Unlock a world of possibilities! Login now and discover the exclusive benefits awaiting you.
hi all,
i want to split a field to some fields,E.g:
text
1如23 split to
1 如 23
i want use mid()to run it but i found that it failed。
mid(text,2,2) it shows that 如2 . it's wrong.it should be 如.
so,i want to split a field based on a fixed number of bytes,can you help me,thanks!
If you ar loading from text file you can split the line in the load statement. For example:
LOAD
[@1:455] as Field1,
[@456:495] as "Transactor CertNo",
[@496:795] as Address,
[@796:n] as Rest
FROM [.\file.txt](fix, utf8, embedded labels); // file with headerline
or
FROM [.\file.txt](fix, utf8, no labels); // file without headerline
@startpos:endpos => startpos and endpos are byte positions!
Without a headerline you have to consider the encoding of the file. If it is a utf8 file with signature then the first line has a prefix of 3 bytes. In this case you have to move the first line for 3 Bytes.
Hi
In ur sample, try like Mid('1如23',2,1) <-- it gives expected result.
However, if you want dynamic, if always first character is number, you can split the in-between letters, then try like below
=mid('1如23', 2 , FindOneOf(mid('1如23',2), 1234567890)-1)
Thank you for your help, but mine is more complicated.
The first character is not sure, and the number of Chinese characters in the middle is not sure, but the start byte position and end position of Chinese are certain. So I want a function that can be intercepted according to the byte, is there a way.

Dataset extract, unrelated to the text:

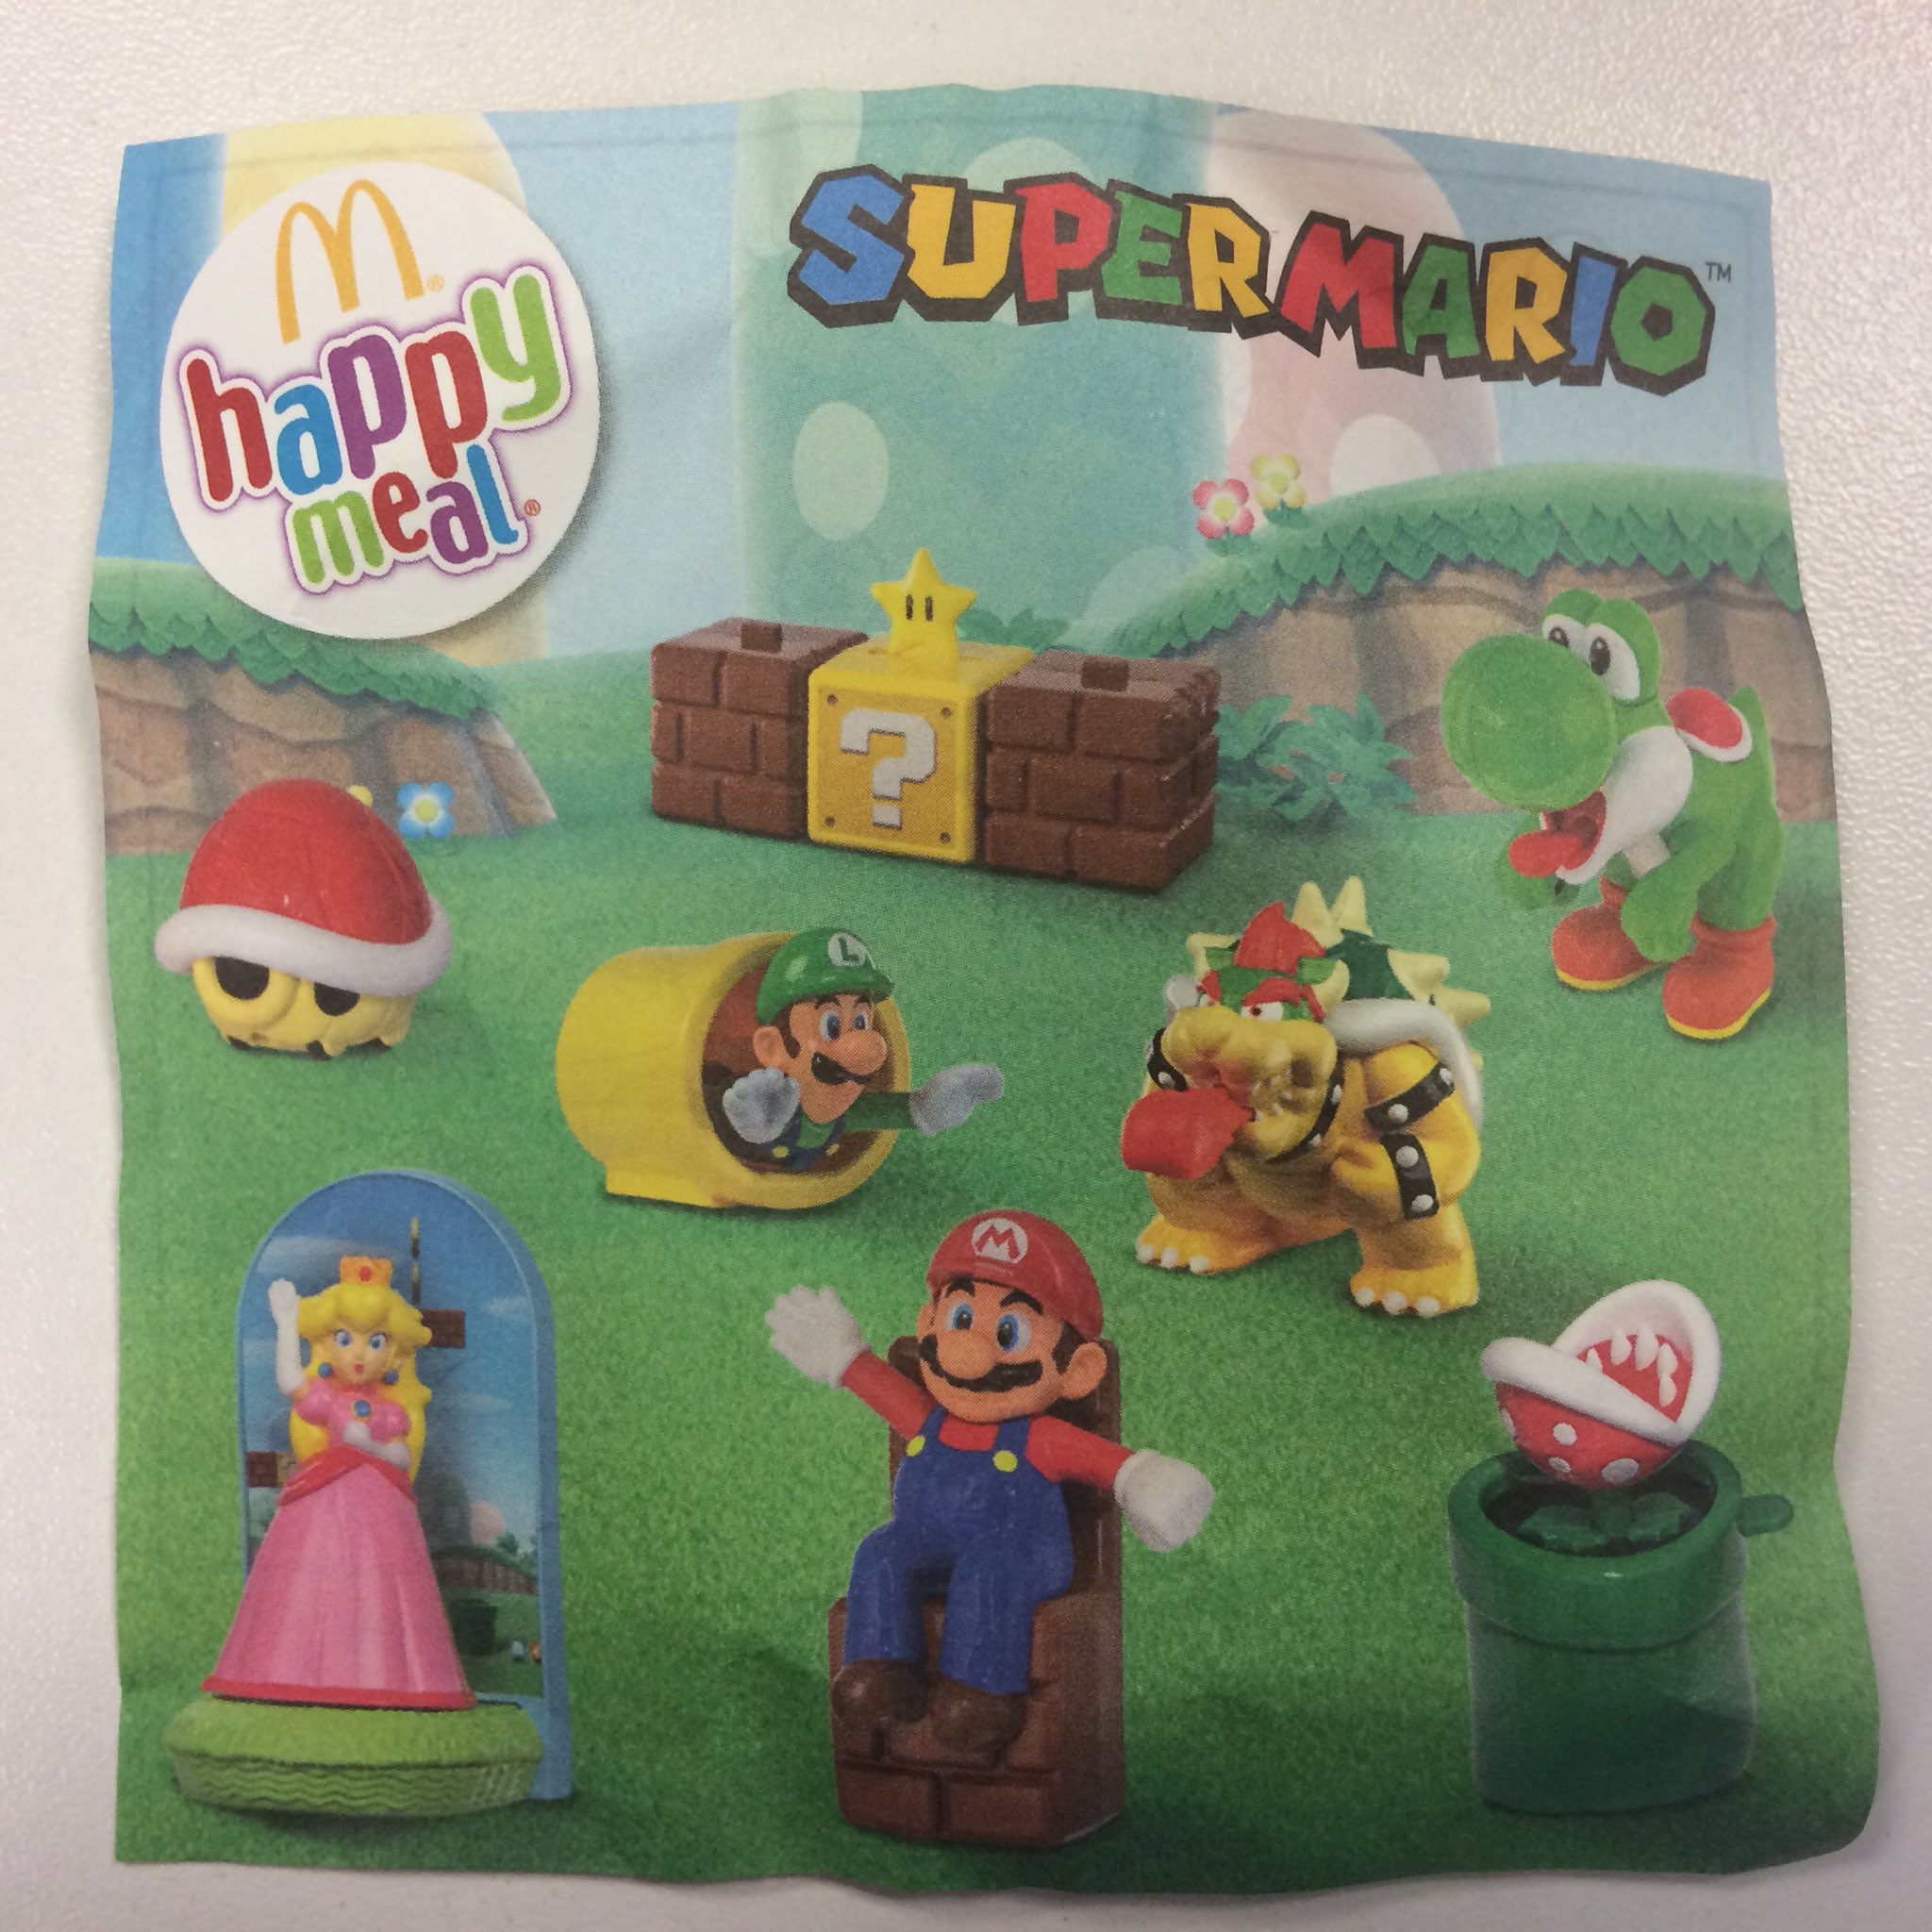 First look at new Super Mario McDonald's Happy Meal toys from UK

eg: the field is test , start byte position is 2 end position is 10
test
1如果还有 3456
a如果 7890
c如 a
I have tried many methods but can't solve it, because this position is calculated by the number of bytes, not the number of characters, and mid() is intercepted by characters, so it can't be solved.
thanks a lot
Hi
If you want to get only the Chinese characters, try with Purgechar() functionality like below
LOAD *, PurgeChar(test, '0123456789abcdefghijklmnopqrstuvwxyz') as chinesetest INLINE [
test
1如果还有 3456
a如果 7890
c如 a
];
It is not just Chinese characters, the part to be intercepted is actually the address, there may be numbers, etc., so it needs to be intercepted according to the byte position
Hi
Can you say the expected output for below?
test
1如果还有 3456
a如果 7890
c如 a
I think I would check and categorize each char and would be starting by:
load *, if(CharID >= n1 and CharID <= n2, 'Number/AlphaNumeric/Chinese/Others', ... as CharCategory;
load *, len(Text) as Len, ord(Char) as CharID;
load Text, mid(Text, iterno(), 1) as Char, recno() as RecNo, iterno() as IterNo
from Source while len(Text) <= iterno();
Instead of a nested if-loop for the categorizing you may use a mapping. In further steps you may read the first/last char from each category, count their amount and so on to classify their content and with this information you may concat() the Char's in the end again.
Especially if there is a high variety of different content you will need a systematically approach with rather less (nested) if-loops to cut and pick here and there the relevant stuff. Further depending on the data-quality you may not be able to resolve all data - **bleep** in = **bleep** out ...
- Marcus
Generally speaking, I have a text file, in which each line of data is a combination of multiple fields, in which the number of bytes is 200 to 300 for the field address, and if the length is less than 100, it will be represented by a space. I just want to intercept the adress by the number of bytes, but i dont konw the function that can help me
solve this question.
Currently my script looks like this :Mid(test, 456,40) as "Transactor CertNo", Mid(test, 496,300) as Address。
This address is misplaced, because there are other characters in the front that occupy two bytes, so mid() cannot be used, mid() is intercepted according to the character。("Transactor CertNo" is an empty data field)
I can't understand what you mean very well, can you give an example or explain it in detail?
thanks
If you ar loading from text file you can split the line in the load statement. For example:
LOAD
[@1:455] as Field1,
[@456:495] as "Transactor CertNo",
[@496:795] as Address,
[@796:n] as Rest
FROM [.\file.txt](fix, utf8, embedded labels); // file with headerline
or
FROM [.\file.txt](fix, utf8, no labels); // file without headerline
@startpos:endpos => startpos and endpos are byte positions!
Without a headerline you have to consider the encoding of the file. If it is a utf8 file with signature then the first line has a prefix of 3 bytes. In this case you have to move the first line for 3 Bytes.